Benjamin Franklin and others maintained that the chief reason for the American Revolution was that Parliament forbade the colonies from issuing their own money. Paper money issued by the Revolutionary government got the colonists through the Revolutionary War, but the British heavily counterfeited this money as a deliberate war tactic, and by the end of the war it had been inflated so much that it was nearly worthless. Fear of inflation led the Continental Congress to completely omit paper money from the Constitution, which does not say who can issue paper money or under what circumstances. The private banks filled the breach, and by 1913 the United States had the same private central banking system that England had.
Today, the pyramid scheme of lending 10 dollars and requiring 11 back has resulted in the very inflationary spiral the Founding Fathers feared. The money supply is inflated with more and more debt, shrinking the value of the dollars paid to workers and propelling larger and larger portions of the population into debt peonage. If the government were to issue its own money rather than borrowing from banks that issued it, and if this money were used to pay for real goods and services (roads and bridges, sustainable energy development, health services, and the like), demand and supply would remain in balance and inflation would not result. A government with a properly designed and monitored system of publicly-issued money could fund itself without taxes, inflation or debt.

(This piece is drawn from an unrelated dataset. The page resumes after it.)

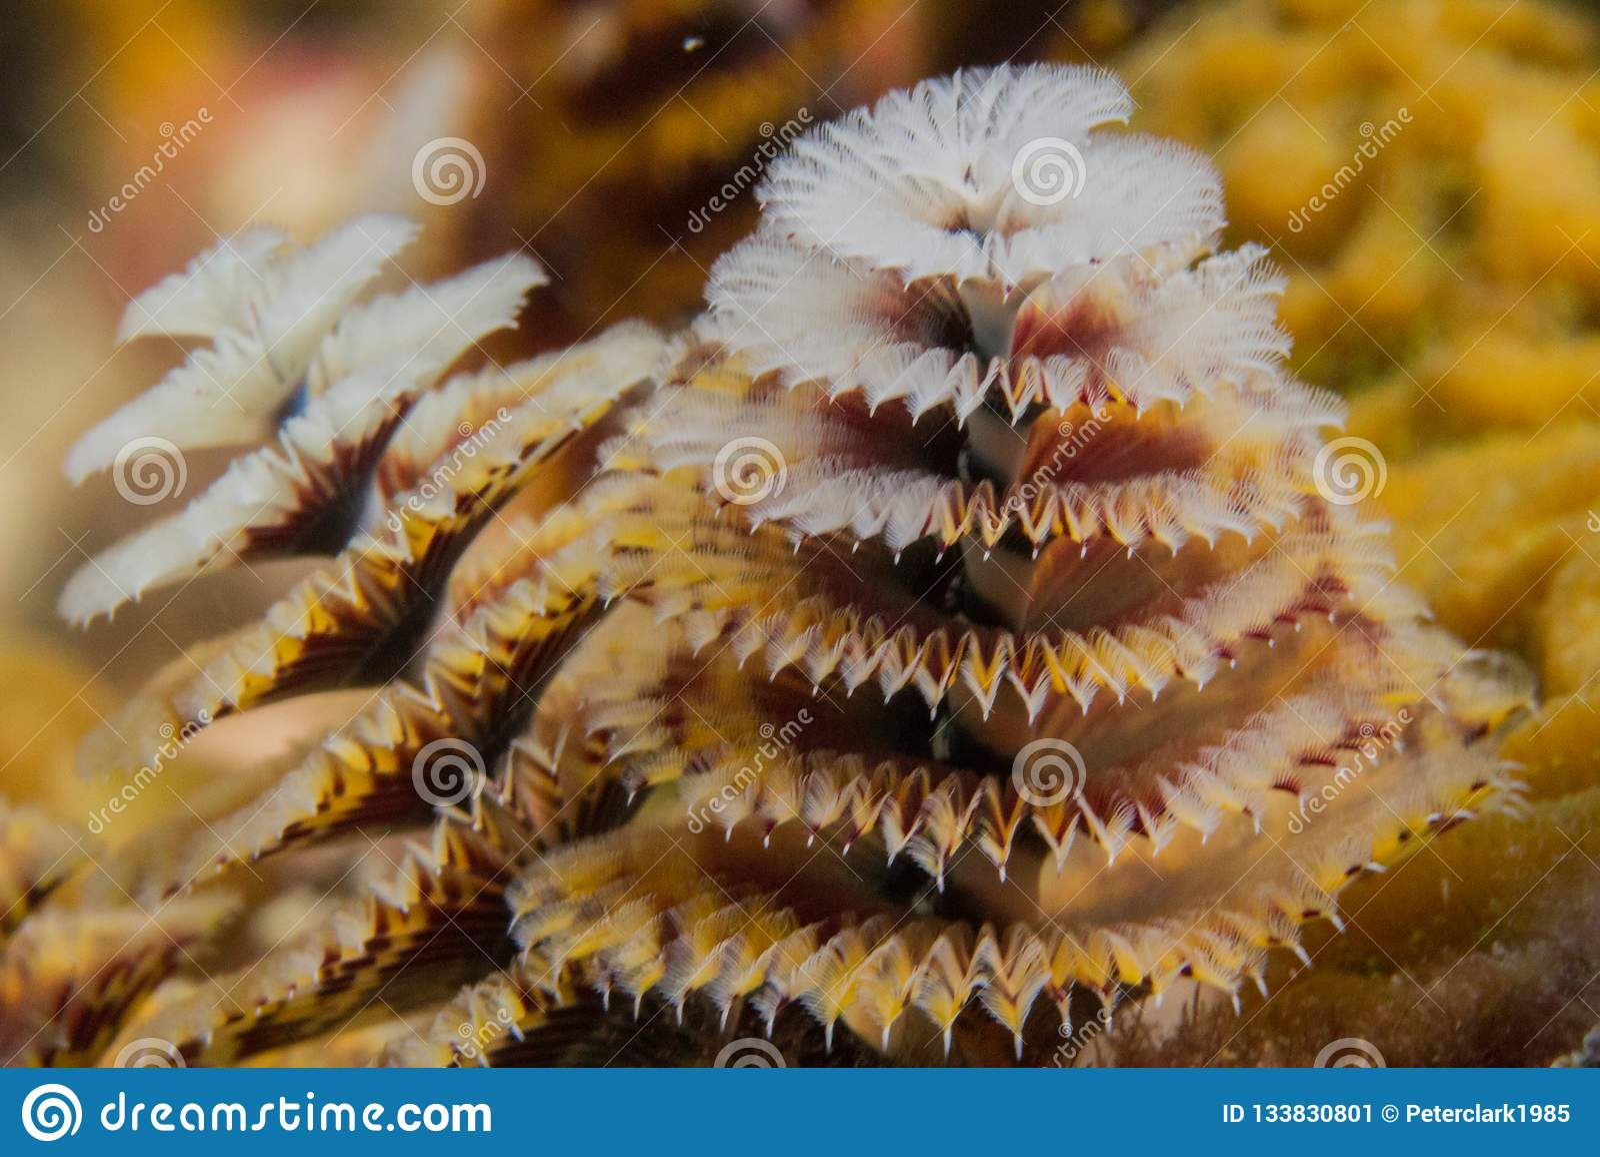 Christmas In Florida Keys.Christmas Tree Worm On Coral Reef Stock Image Image Of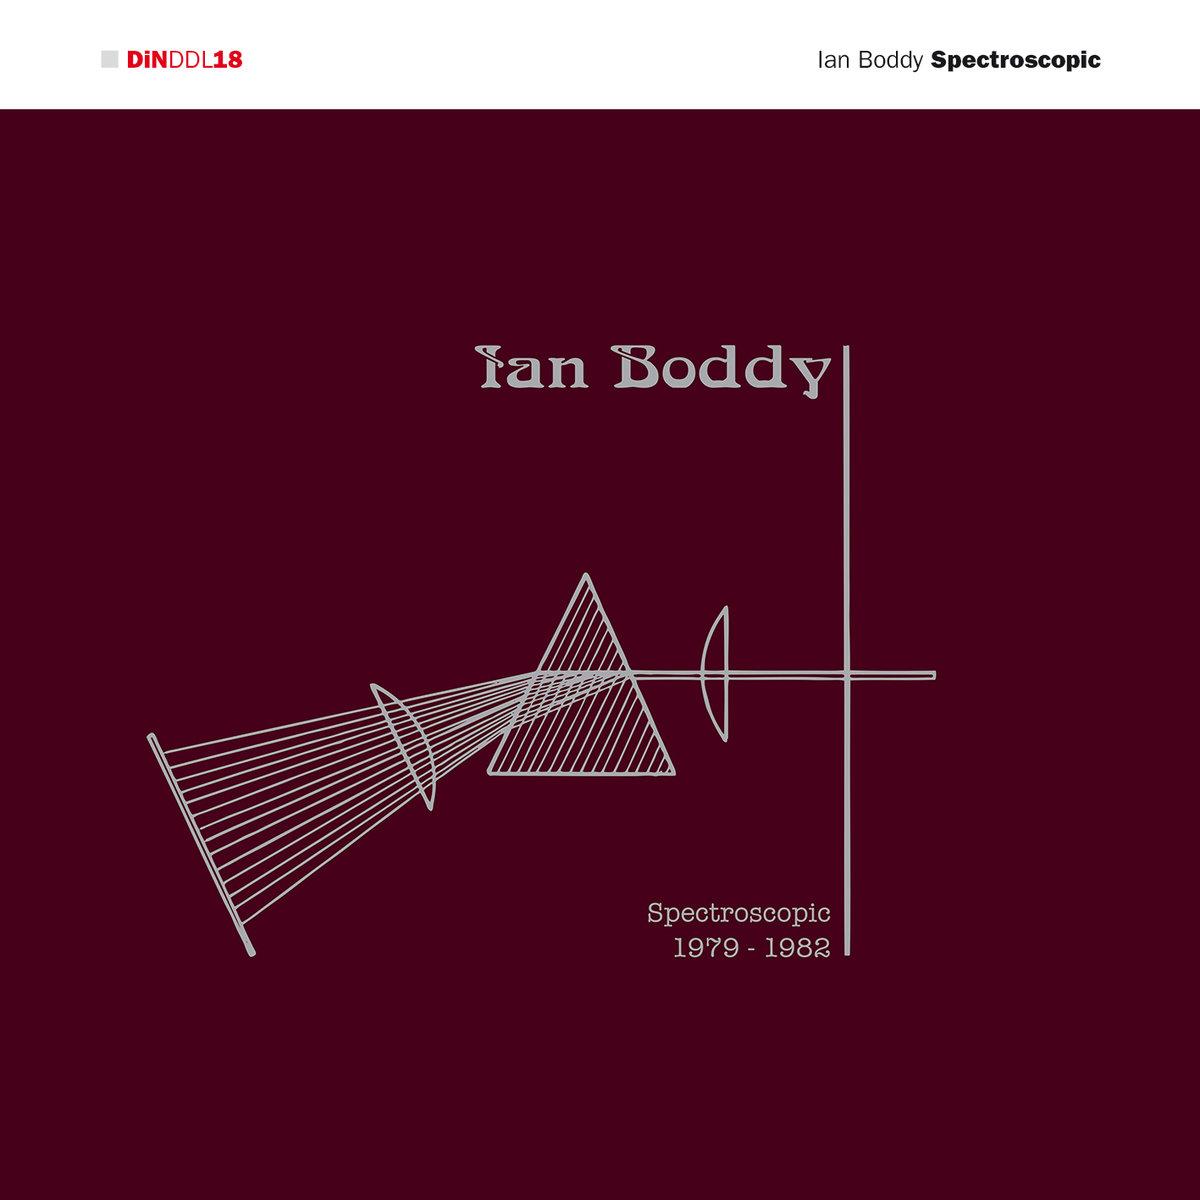 64. Ian Boddy - Spectroscopic DiNDDL18

Publicly-owned banks are also called "national" banks or "nationalized" banks – the very thing that threatens the private banking system in Ireland today. We have come full circle: a system of national banks is what used to be called "the American system." This may be what we actually need – a public banking system operating for the benefit of the public. The private European system of debt peonage has failed. On this 2008 St. Patrick's Day, we the modern-day Irish of all persuasions can raise a glass to the possibility of being freed from the debt peonage that has kept us wage-slaves for most of our national history.
1 "Irish Banks May Need Life-support as Property Prices Crash," www.telegraph.co.uk (March 13, 2008).
2 "Irish in America," www.essays.cc.
3 "Hazard Circular," 1862, quoted in Charles Lindburgh, Banking and Currency and the Money Trust (Washington D.C.: National Capital Press, 1913), page 102.
4 See Ellen Brown, "Dollar Deception: How Banks Secretly Create Money," www.webofdebt.com (July 3, 2007).